While there may be risks to eliminating mark-to-market capital requirements, massive government intervention is riskier. Part five of “Providing Relief from the Crisis.”
This is the fifth installment of “Providing Relief from the Crisis.” Read editor-in-chief R. Emmett Tyrrell, Jr.’s introduction here.
The current financial crisis has led to unprecedented peacetime government intervention in the national economy. Approximately $8 trillion of government purchases of equity in financial institutions, loan guarantees, and other credit has flowed from various federal agencies in a matter of weeks.

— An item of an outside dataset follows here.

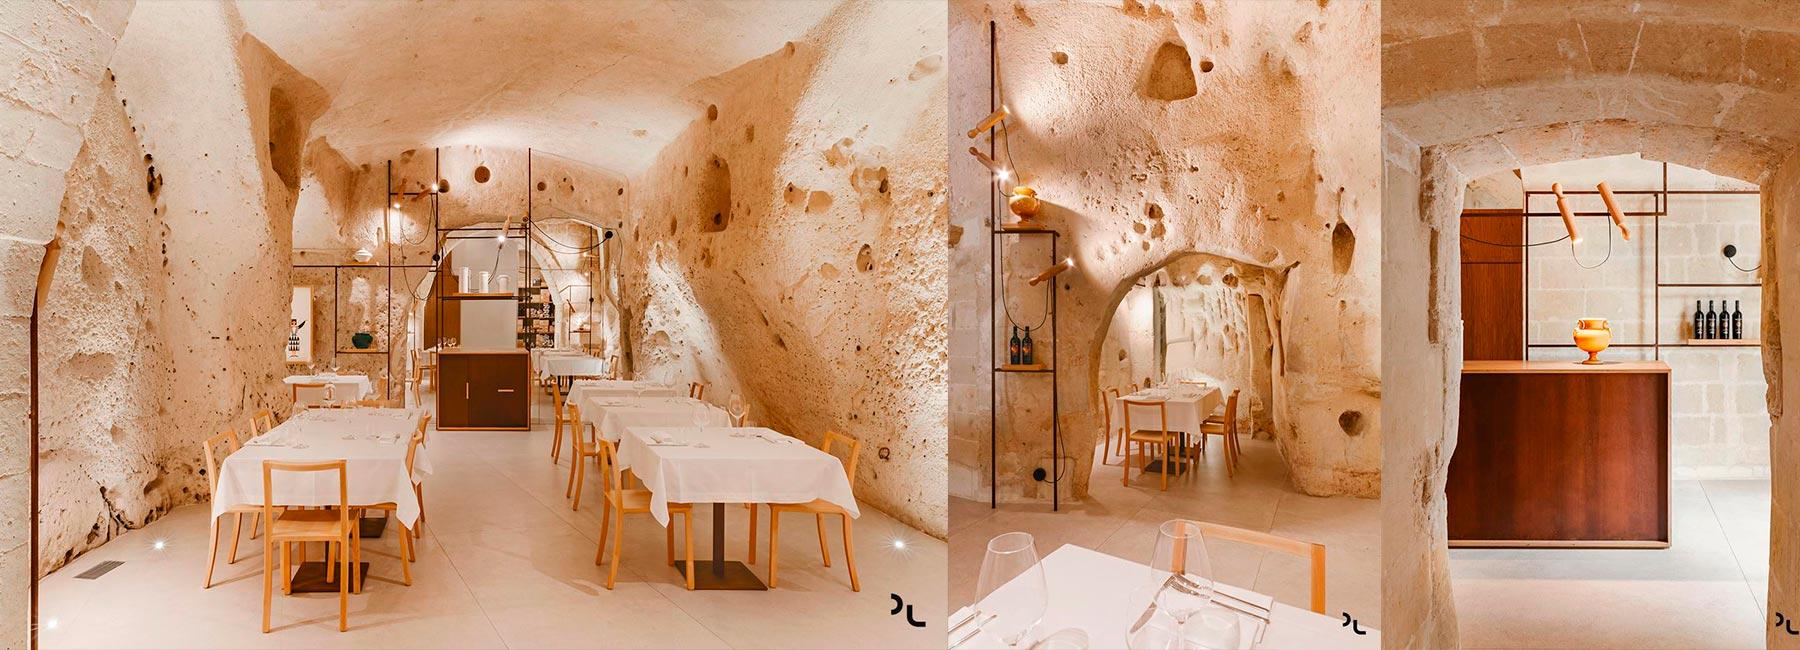 Необычная пиццерия Oi Marì в настоящей известняковой пещере

Those who agree with Hayek that government agents are unable to collect and process the information that is necessary to direct a modern dynamic economy, will wonder at the speed with which we have moved towards what Ludwig von Mises called “planned chaos,” and Hayek called “the road to serfdom.”

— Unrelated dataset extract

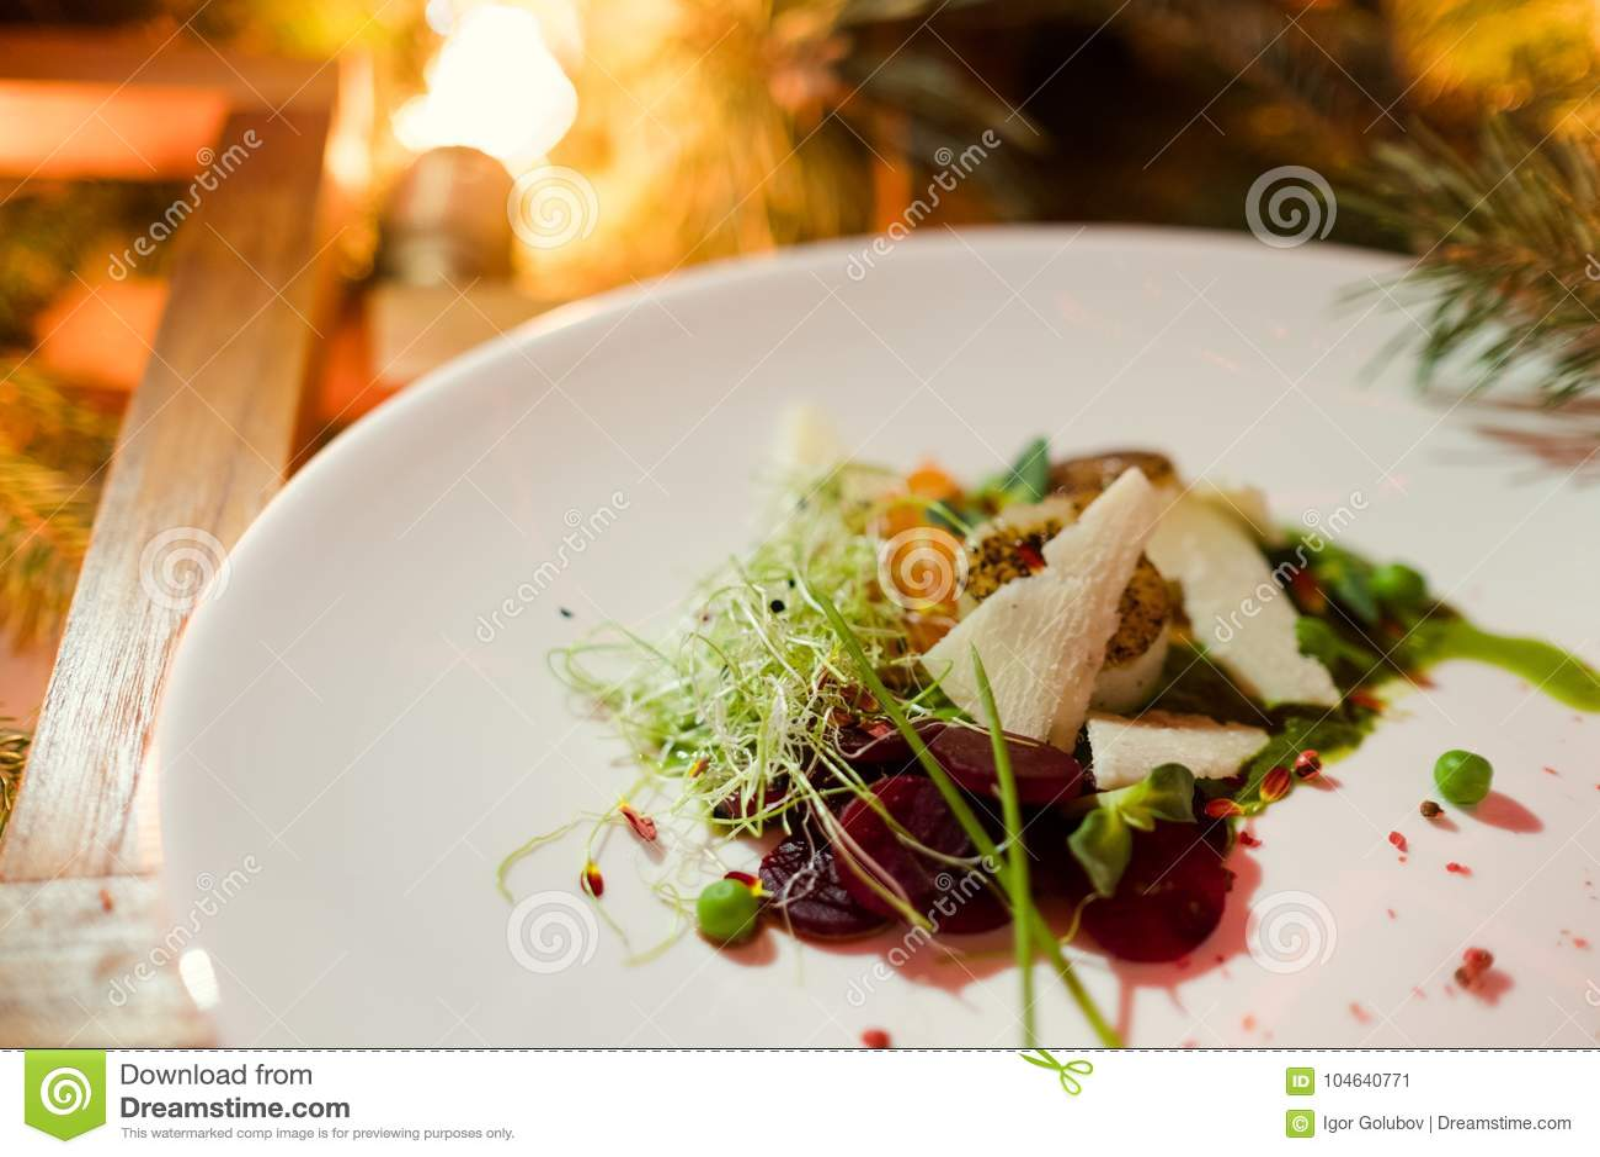 Download De Schotel Gezonde Maaltijd Van Het Vakantierestaurant Stock Afbeelding - Afbeelding bestaande uit lichten, vers: 104640771

Regardless of issues, such as the risk to taxpayers, the real concern should be that we are expanding government in a way that Robert Higgs warned about in his 1987 book, Crisis and Leviathan, while ignoring a simpler noninterventionist approach.

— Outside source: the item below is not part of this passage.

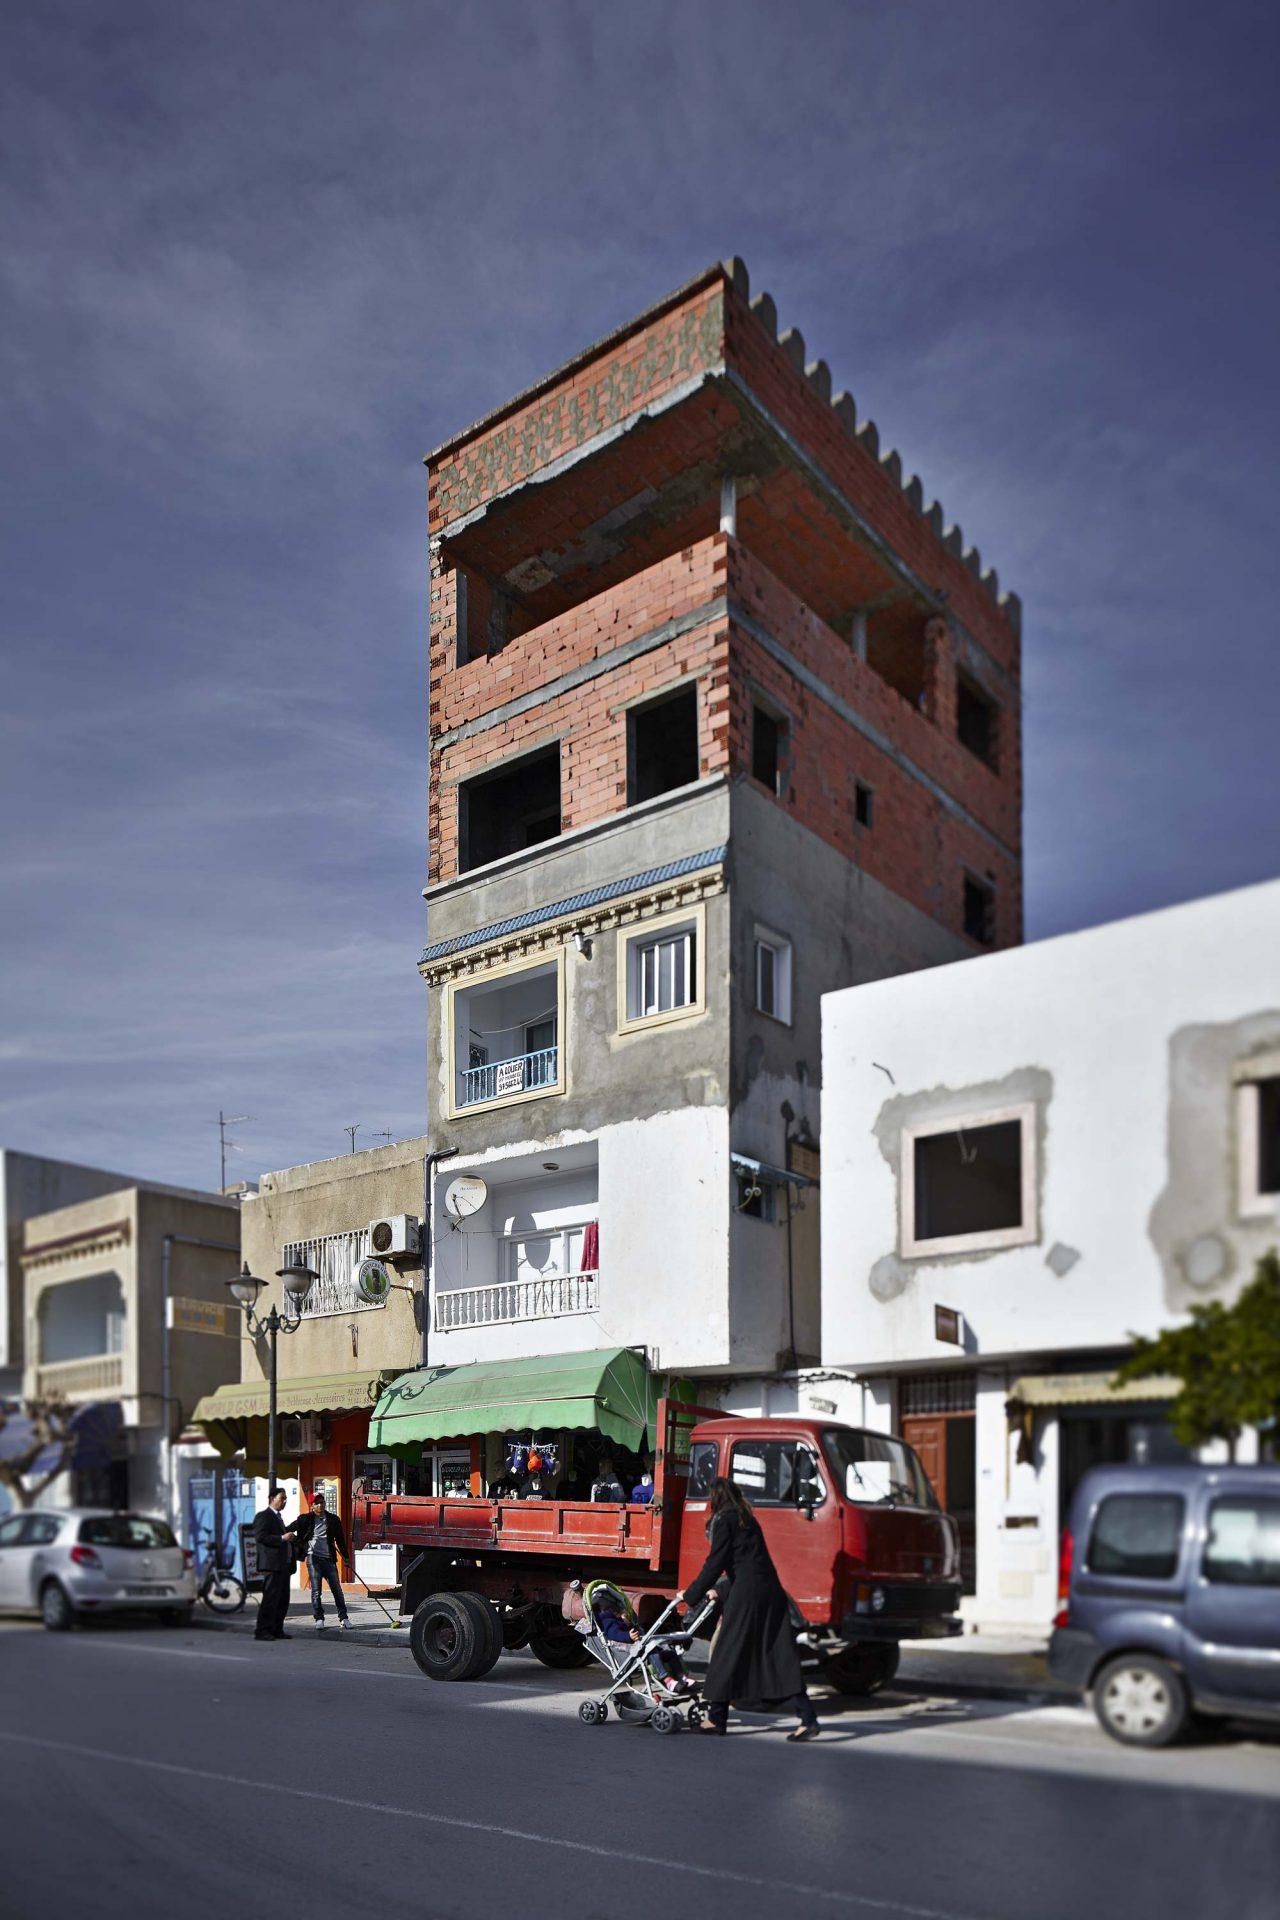 Tunis2014-02-1139-02

There has been a good deal of literature on the cyclical effects of regulatory capital requirements, and in particular, mark-to-market accounting. In a 2004 paper, University of Chicago and Harvard University professors Anil Kashyap and Jeremy Stein concluded that enforcing exactly the same capital requirements during the upside and downside of business cycles has the potential to add significantly to cyclical behavior and results in inefficient credit markets. An implication of their research is that capital requirements should be lower in a downturn when the cost of capital is high.
In the current credit crunch, mark-to-market accounting has exacerbated the already pro-cyclical effects of capital requirements. Wachovia having to sell its mortgage-based securities at fire sale prices caused other financial institutions to mark the value of similar assets down, requiring them to raise capital, reduce their loans, or both.
As mortgage-based securities decline in value no financial institution wants to hold them, the market becomes illiquid, and the sales that do occur are under distress, further reducing bank capital. Rather than reducing capital requirements in a downturn, as suggested by Kashyap and Stein, mark-to-market accounting has the effect of increasing capital requirements, leading to further contraction of credit, a scramble for capital, and declining economic activity.
Rather than the government buying banks and other financial institutions, and lending trillions of dollars to whichever firm shows up with the best lobbyist, a simple solution is to allow financial institutions to account for their assets in a fashion that allows for a value closer to the true value of the underlying asset and yet is transparent, so investors and depositors may make a rational choice as to whether to invest in or make a deposit in the institution. Individuals acting according to their own plan and taking responsibility for their actions will outperform regulation. While there may be costs to eliminating mark to market capital requirements, the alternative of massive government intervention will be much greater in the long term.